My problem is on the second network, there is a high number of websites that I cannot reach (browser is blank with "done" at the bottom). Such as weather.com. Also, I cannot reach some websites after I submit some information, such as wunderground.com when I submit my zip code to view my weather. When I look into the dansguardian logs, I cannot find any evidence that the page is being blocked. The squid logs also appear to be fetching the page as any other page. I have tried to manually put in the proxy information, but I have the same results.

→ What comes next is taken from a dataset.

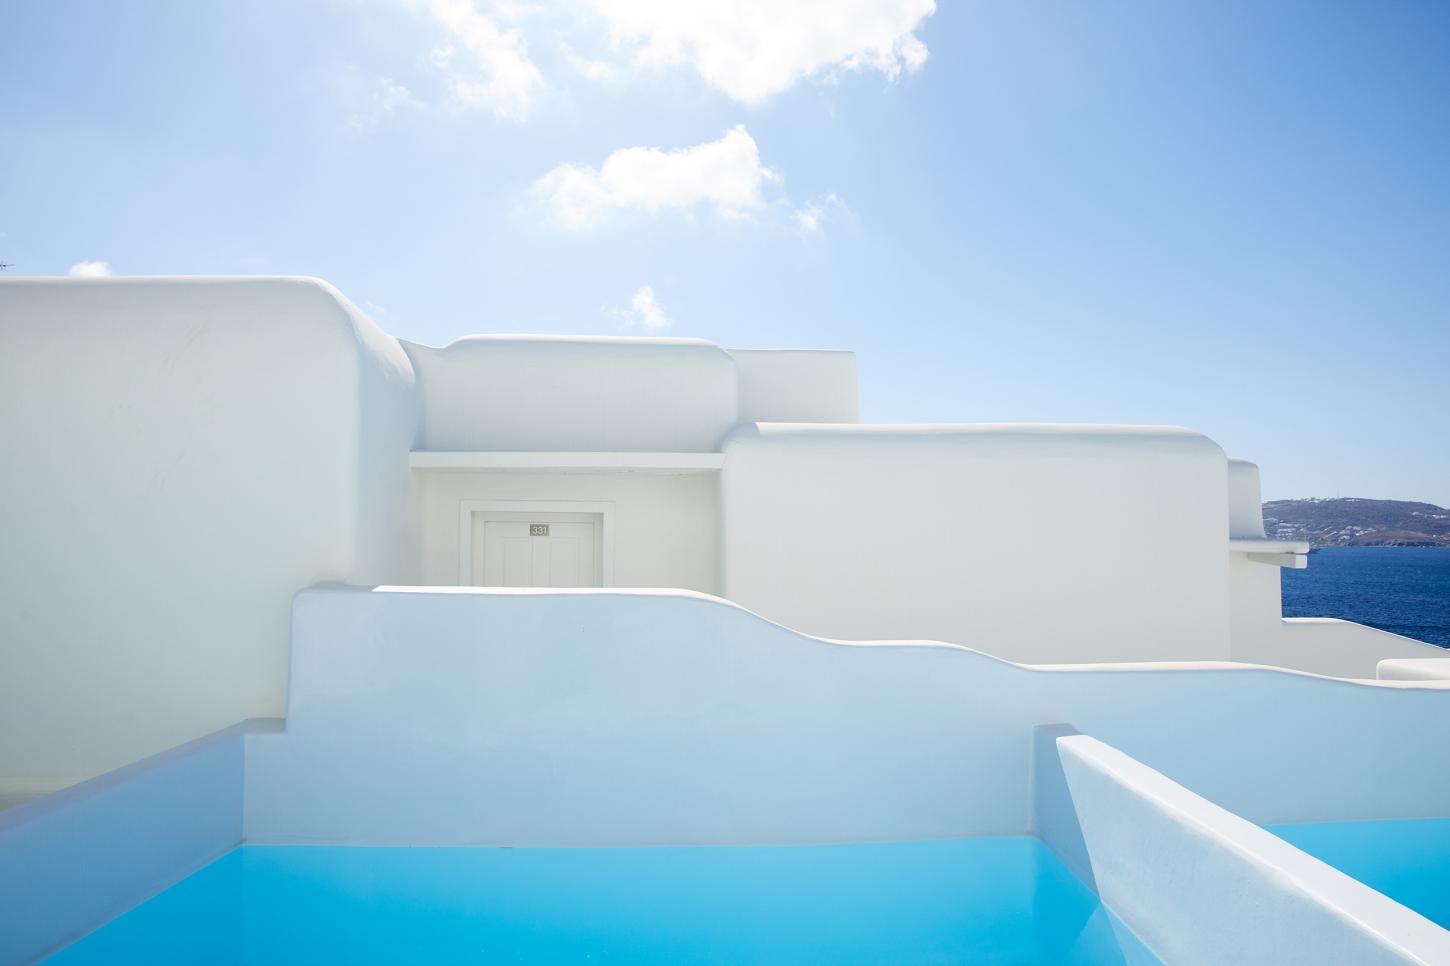 cycladic architecture with pool at Cavo Tagoo Mykonos

Here is the iptables rules I have

```

iptables -P INPUT ACCEPT

iptables -P OUTPUT ACCEPT

iptables -P FORWARD DROP

iptables -I FORWARD -i ${LAN} -d 192.168.2.1/255.255.255.0 -j DROP

iptables -A FORWARD -i ${LAN} -s 192.168.2.1/255.255.255.0 -j ACCEPT

iptables -A FORWARD -i ${WAN} -d 192.168.2.1/255.255.255.0 -j ACCEPT

iptables -t nat -A POSTROUTING -o ${WAN} -j MASQUERADiptables -t nat -A PREROUTING -p tcp --dport 3074 -i ${WAN} -j DNAT --to 192.168.2.23

iptables -t nat -A PREROUTING -p udp --dport 3074 -i ${WAN} -j DNAT --to  192.168.2.23

iptables -t nat -A PREROUTING -p udp --dport 88 -i ${WAN} -j DNAT --to 192.168.2.23

iptables -t nat -A PREROUTING -p tcp --dport 10070:10080 -i ${WAN} -j DNAT --to 192.168.2.21

iptables -t nat -A PREROUTING -p udp --dport 10070:10080 -i ${WAN} -j DNAT  --to 192.168.2.21

iptables -t nat -A PREROUTING -i ${LAN} -p tcp --dport 80 -j REDIRECT --to-port 8080

```

I just wanted to have nat and transparent proxy on this network. I have added some port forwarding for the kid's xbox and playstation.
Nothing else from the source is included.